# Chapter 5: Flow Control and Conditional Statements

In the last chapter, you learned how to create user defined functions, a little about built in functions, and how to import built in modules to gain access to additional methods for doing some common calculations. In even earlier chapters, you learned about different data structures in Python (e.g. lists, dictionaries) and how to use *for* loops to perform calculations with them. These are useful concepts to master, but notice that in order to use functions, methods, and loops, you have to make sure that the data you want, and only the data you want, is processed. When working realistically sized data sets, it can be incredibly time consuming to organize and select the data you want. Python scripts can help.

For example, we might want to examine only a subset of observations in a data set. In Python (and other programming languages), we can use *if*, *elif* and *else* statments in combination with comparison operators (see chapter 2) to select only the data we want to analyze. Recall, comparison operators (==,!=, >,<,>=,<=) compare the value of a variable to another value and return a boolean (true or false).

As in previous chapters, the specific details of some of the exercises in this chapter are intended as learning exercises, but some may also be practically useful, should you encounter a similar situaion "in the wild".

## *if*, *elif*, *else* and *is*

*If* statements specify a condition, and what to do if that condition is true. So, what a program does after an *if* statement depends on what comes after. An *elif* statement will run after an *if* statment only if the condition of the imediately preceding *if* or *elif* statement is false, and another condition. An *else* statement will run if a previous *if* or *elif* statement is false, not matter what. Notice that both *elif* and *else* statements only run if the result of a previous statement is false. The difference is that *elif* statements require another condition to be true before anything happens, whereas an *else* statement does not. 

Also notice that I snuck in some new Python keywords, [is](https://www.w3schools.com/python/ref_keyword_is.asp), [and](https://www.w3schools.com/python/ref_keyword_and.asp), and [or](https://www.w3schools.com/python/ref_keyword_or.asp). 

The *is* key word functions somewhat like the comparison operator ==. For our purposes, the important thing to know is that the *is* keyword checks to see if two variables point to the same thing in memory, whereas the == operator checks to see if the value of two variables is the same. The *and* and *or* keywords are logical operators.
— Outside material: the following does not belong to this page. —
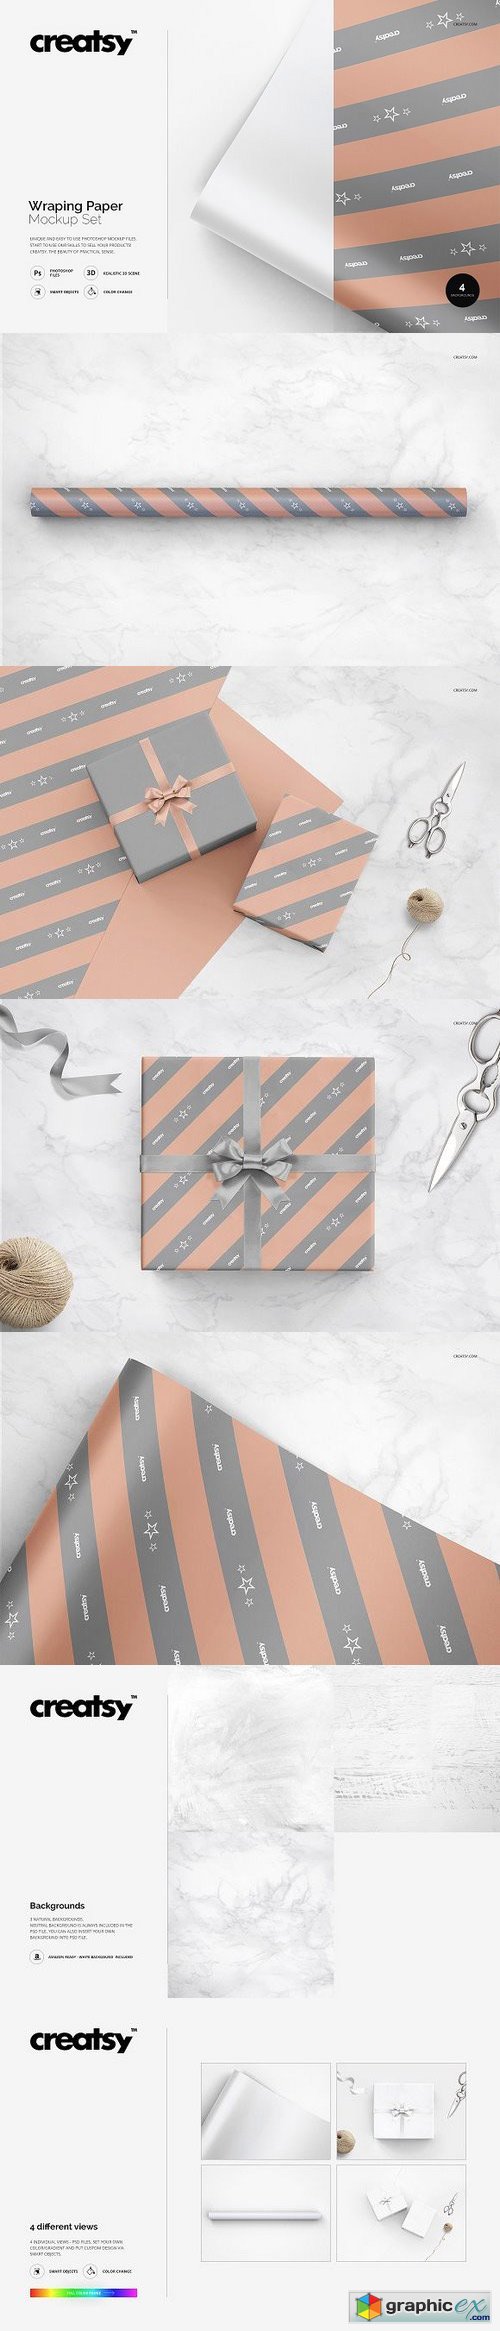 Wrapping Paper Mockup Set
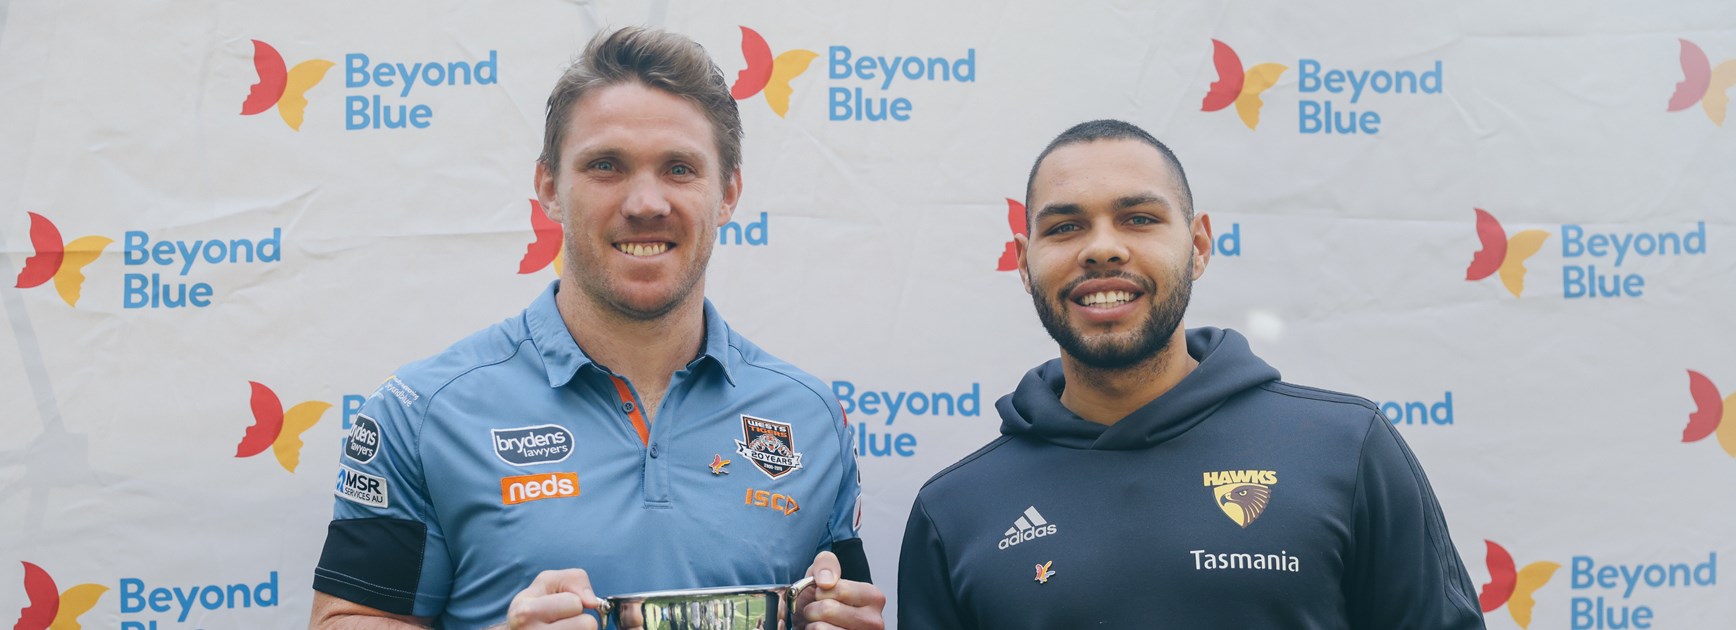 Wests Tigers join with Hawks to promote Beyond Blue Round

The examples below should be copied and pasted into your own Jupyter notebook because they build on each other. So, if you haven't already, go ahead and open a new notebook.

### Example 1: Selecting one type of data

Let's pretend you have some data stored in a list, and the data is of different types. For illustrative purposes, we'll just assume the data consists of floating point numbers and strings (i.e. text). What we want to do is go through the list and compute the mean (or whatever else we might want to do) for the valid numbers. The code below will do that. Notice that there is only one *if* statement.

In [8]:
import statistics #import the statistics library

rawData = [1.0,2.0,"3.0","4.0","Bob"]#list with floating point numbers and strings

#function for filtering data
def getFloats(data):
    justFloats = []#initialize empty list to put the floats into
    for i in data:
        if type(i) is float: #if statement, with the *is* keyword snuck in for good measure
            justFloats.append(i)
    return justFloats #always need a return statement! In this case, it's a new list

goodData = getFloats(rawData)#use function to create list of juist floats

meanGoodData = statistics.mean(goodData)#calculate the mean

print("The mean is " + str(meanGoodData))#print the mean

The mean is 1.5


### Example 2: Selecting two types data.

In the previous exercise, the function just checked the data type of each element and made a new list for the floats. What if we also wanted a list of the strings?  The code below does that. Notice the differences in the *return* statements of example 1 above and example 2 below.

In [7]:
rawData = [1.0,2.0,"3.0","4.0","Bob"]#list with floating point numbers and strings

def sepFloatsStrings(data):#separates floats and strings
    justFloats = []
    justStrings = []
    for i in data:
        if type(i) is float:
            justFloats.append(i)
        elif type(i) is str:#use elif because
            justStrings.append(i)
    return justFloats, justStrings#this returns two lists. The two lists are stored in a tuple.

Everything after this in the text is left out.